● **RECORDS FOR THIS EXERCISE**:
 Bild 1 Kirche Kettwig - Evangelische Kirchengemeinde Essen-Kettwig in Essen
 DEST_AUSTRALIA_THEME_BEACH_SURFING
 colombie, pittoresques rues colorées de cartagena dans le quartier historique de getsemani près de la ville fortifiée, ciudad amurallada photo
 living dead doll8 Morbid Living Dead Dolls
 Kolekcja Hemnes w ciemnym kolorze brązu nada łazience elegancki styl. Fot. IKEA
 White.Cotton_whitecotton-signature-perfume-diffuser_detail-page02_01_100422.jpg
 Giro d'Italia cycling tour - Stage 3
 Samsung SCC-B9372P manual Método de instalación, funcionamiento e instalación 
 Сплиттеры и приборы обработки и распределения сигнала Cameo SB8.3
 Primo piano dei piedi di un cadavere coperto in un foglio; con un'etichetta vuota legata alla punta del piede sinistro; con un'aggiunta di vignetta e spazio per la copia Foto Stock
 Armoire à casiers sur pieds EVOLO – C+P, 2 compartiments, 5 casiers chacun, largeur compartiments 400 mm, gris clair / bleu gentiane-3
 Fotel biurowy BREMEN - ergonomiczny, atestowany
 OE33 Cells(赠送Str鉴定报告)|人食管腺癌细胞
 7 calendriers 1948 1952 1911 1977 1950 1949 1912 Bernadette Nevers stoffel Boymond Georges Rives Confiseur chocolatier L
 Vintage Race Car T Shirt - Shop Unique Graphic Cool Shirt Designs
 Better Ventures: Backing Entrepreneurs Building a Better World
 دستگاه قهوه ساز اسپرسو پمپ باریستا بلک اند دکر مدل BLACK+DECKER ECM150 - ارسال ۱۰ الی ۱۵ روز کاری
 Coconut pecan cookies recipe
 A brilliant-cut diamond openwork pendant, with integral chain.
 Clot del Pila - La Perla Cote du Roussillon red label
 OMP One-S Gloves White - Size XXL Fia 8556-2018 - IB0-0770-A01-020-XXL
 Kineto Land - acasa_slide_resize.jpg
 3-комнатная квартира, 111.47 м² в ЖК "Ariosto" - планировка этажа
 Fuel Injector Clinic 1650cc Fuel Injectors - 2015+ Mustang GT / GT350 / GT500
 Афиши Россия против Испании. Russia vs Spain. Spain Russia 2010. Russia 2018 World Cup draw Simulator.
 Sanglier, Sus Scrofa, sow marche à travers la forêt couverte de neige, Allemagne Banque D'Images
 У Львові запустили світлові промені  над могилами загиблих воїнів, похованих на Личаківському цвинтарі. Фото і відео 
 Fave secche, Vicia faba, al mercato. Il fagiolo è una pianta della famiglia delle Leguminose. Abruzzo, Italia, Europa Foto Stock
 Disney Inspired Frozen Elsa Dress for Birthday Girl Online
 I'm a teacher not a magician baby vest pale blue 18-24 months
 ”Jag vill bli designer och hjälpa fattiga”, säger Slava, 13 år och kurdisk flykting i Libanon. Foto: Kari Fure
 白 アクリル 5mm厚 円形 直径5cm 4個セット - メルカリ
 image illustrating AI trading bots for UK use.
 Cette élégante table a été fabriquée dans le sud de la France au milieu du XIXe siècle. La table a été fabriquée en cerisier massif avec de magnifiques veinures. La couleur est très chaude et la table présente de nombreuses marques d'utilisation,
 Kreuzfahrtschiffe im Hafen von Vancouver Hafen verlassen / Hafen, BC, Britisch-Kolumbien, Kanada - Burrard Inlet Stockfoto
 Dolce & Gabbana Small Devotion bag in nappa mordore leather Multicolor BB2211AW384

● **EXERCISE AIM**: Look above for the line holding "Giro d'Italia cycling tour - Stage 3". Print it and every line after it, exactly, through the line holding "Primo piano dei".

● **RESULT OF THE EXERCISE**:
 Giro d'Italia cycling tour - Stage 3
 Samsung SCC-B9372P manual Método de instalación, funcionamiento e instalación 
 Сплиттеры и приборы обработки и распределения сигнала Cameo SB8.3
 Primo piano dei piedi di un cadavere coperto in un foglio; con un'etichetta vuota legata alla punta del piede sinistro; con un'aggiunta di vignetta e spazio per la copia Foto Stock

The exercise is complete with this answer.